There's actually nothing we can improve in this part, as shown in @cfallin's gcc-generated assembly listing, which has two imulq and two addq.

So back to the lower-half 64x64->128 multiply, performed 32 bits at a time. Our current optimizer produces this sequence which is equivalent to v22 = imul.i64 v3, v5:

    v8 = iconst.i64 0xffff_ffff
    v9 = band v5, v8  ; v8 = 0xffff_ffff
    v11 = band v3, v8  ; v8 = 0xffff_ffff
    v12 = imul v9, v11
    v13 = iconst.i64 32
    v14 = ushr v3, v13  ; v13 = 32
    v15 = imul v9, v14
    v17 = ushr v5, v13  ; v13 = 32
    v18 = imul v17, v11
    v19 = iadd v15, v18
    v21 = ishl v19, v13  ; v13 = 32
    v22 = iadd v12, v21

Then I think this part (which reuses some of the intermediate values above) is equivalent to either umulhi or smulhi. I haven't yet figured out what purpose the icmp instructions serve, although I can see they're effectively checking if the adds overflowed for v22 and v19 above.

    v26 = imul v17, v14
    v27 = icmp ult v19, v15
    v49 = uextend.i64 v27
    v31 = ishl v49, v13  ; v13 = 32
    v33 = ushr v19, v13  ; v13 = 32
    v34 = bor v31, v33
    v35 = iadd v26, v34
    v36 = icmp ult v22, v12
    v51 = uextend.i64 v36
    v39 = iadd v35, v51

If we can get egraph rules to simplify these two sequences to the upper and lower halves of a 64-bit multiply, then once we also solve #5623 we'll get the same sequence of instructions out that gcc produces for 128-bit multiplies.

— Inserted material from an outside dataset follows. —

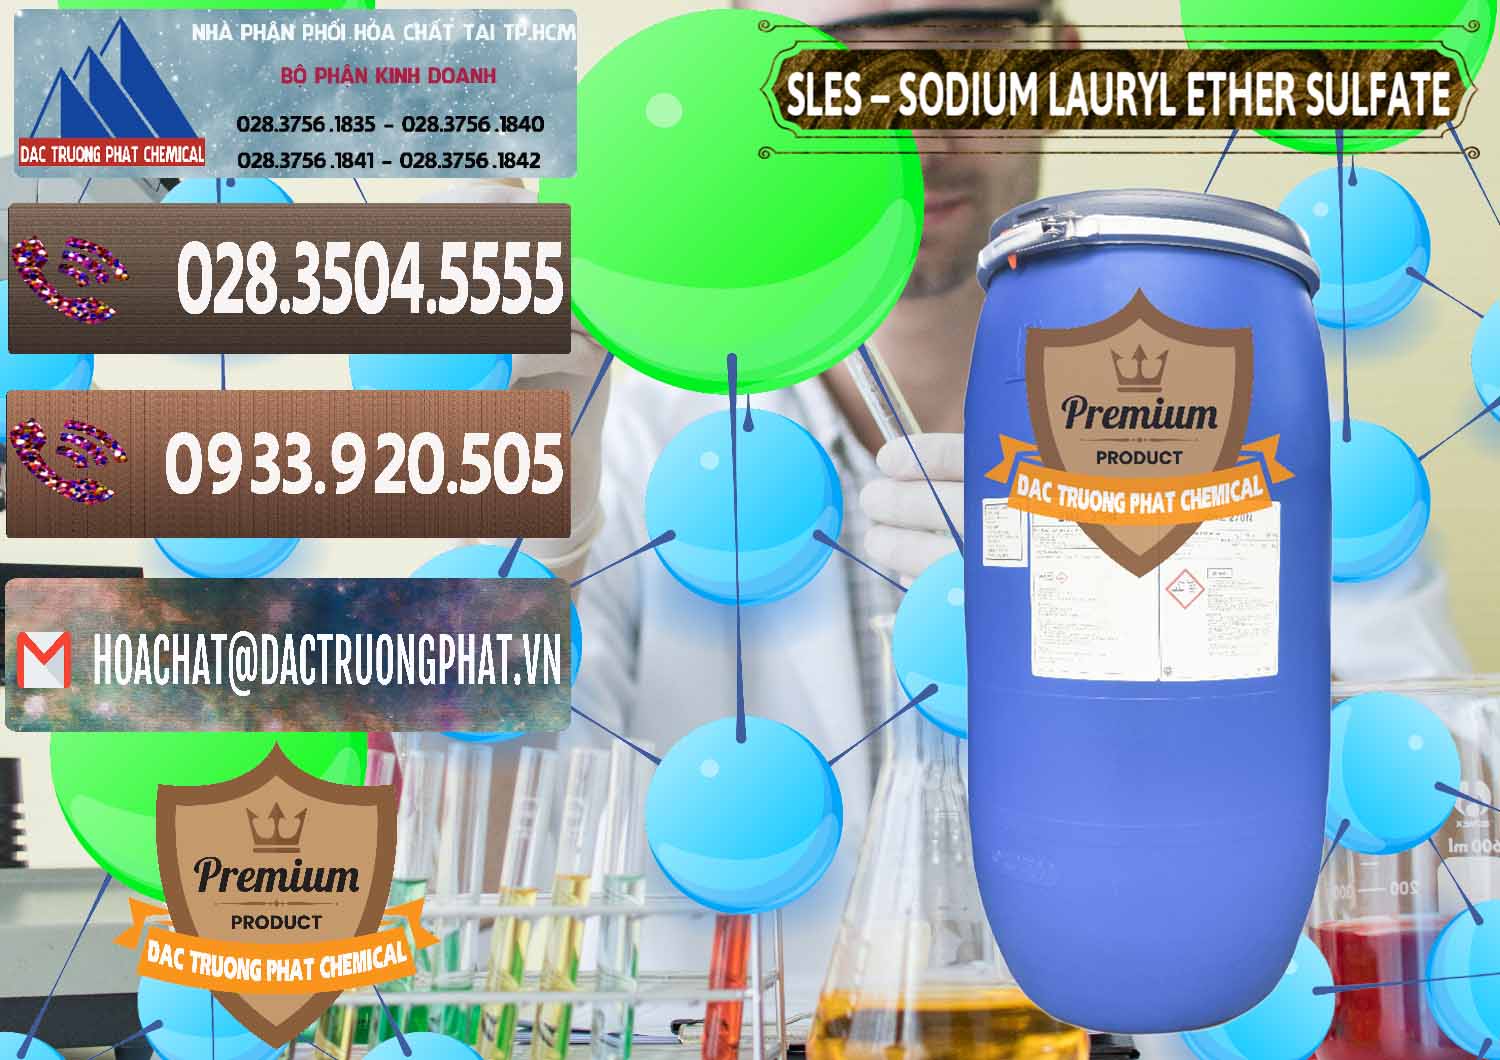 Nơi bán ( cung cấp ) Chất Tạo Bọt Sles - Sodium Lauryl Ether Sulphate Kao Indonesia - 0046 - Công ty nhập khẩu và phân phối hóa chất tại TP.HCM - hoachatviet.net
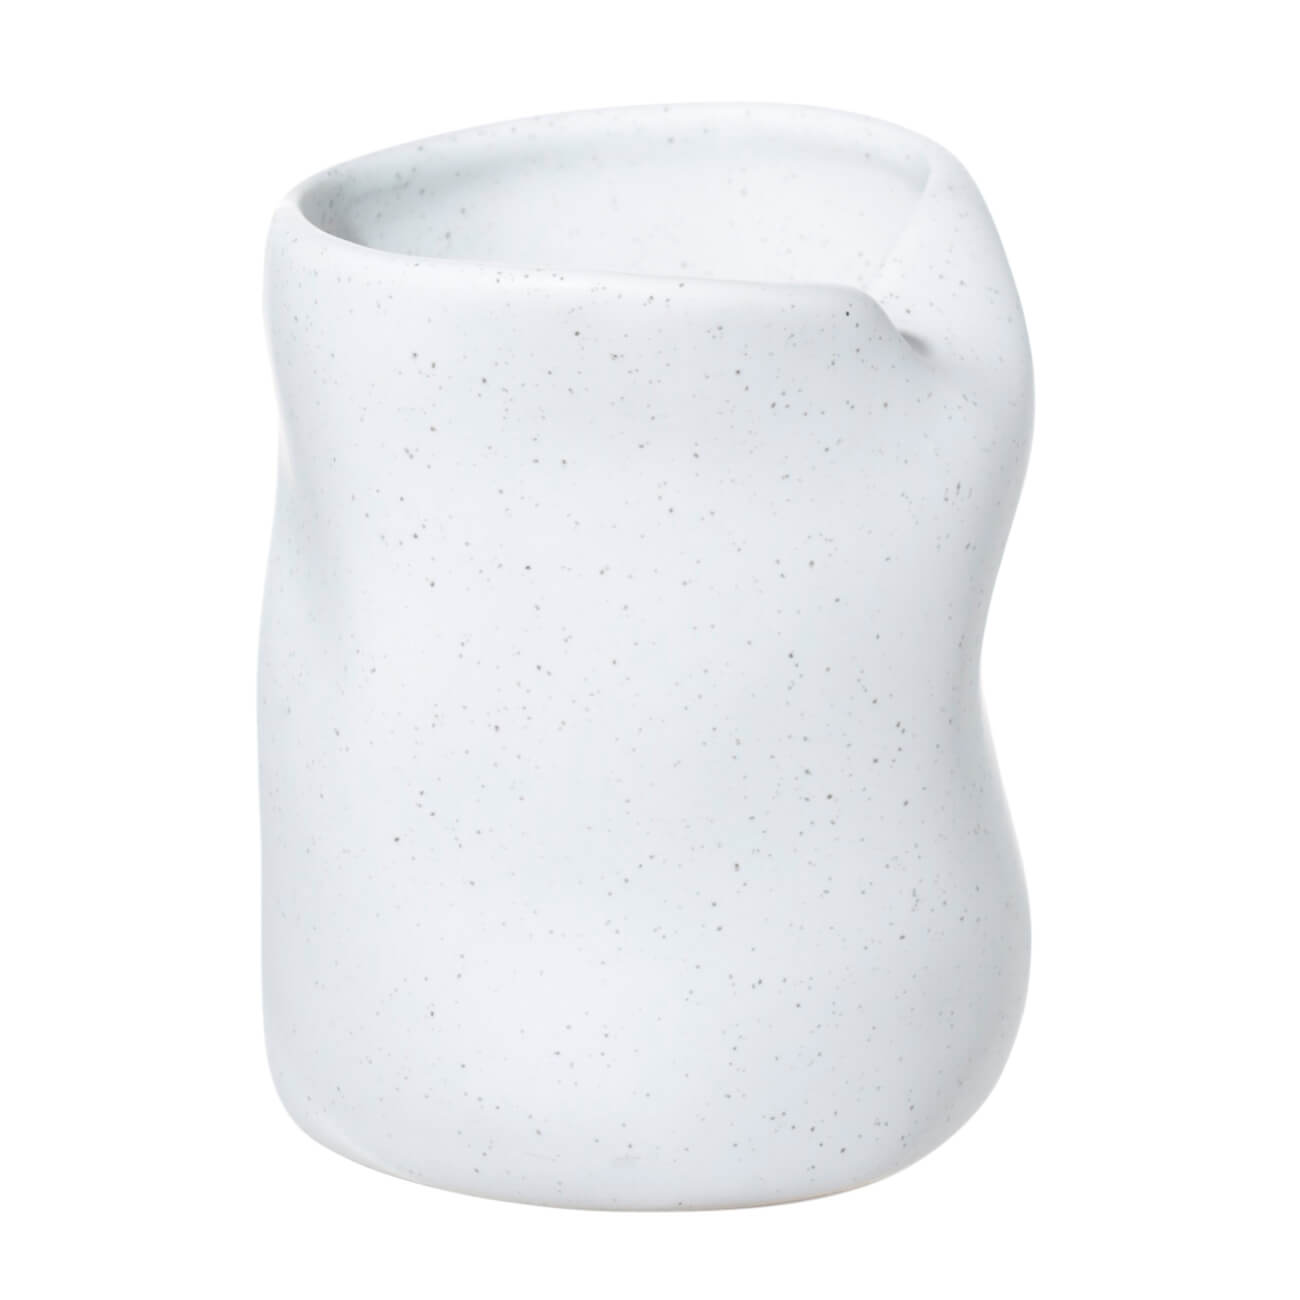 Стакан для ванной комнаты, 10 см, керамика, белый, в крапинку, Delicia настольный стакан fora tiffany керамика for tif044

Alternatively, if we could match on multiple results at once then we could write a rule that matches this combination of three imul, one umulhi, and three iadd and turns them into a single 128-bit imul surrounded by iconcat and isplit. I believe on x64 we already lower that to something equivalent to the gcc-generated sequence.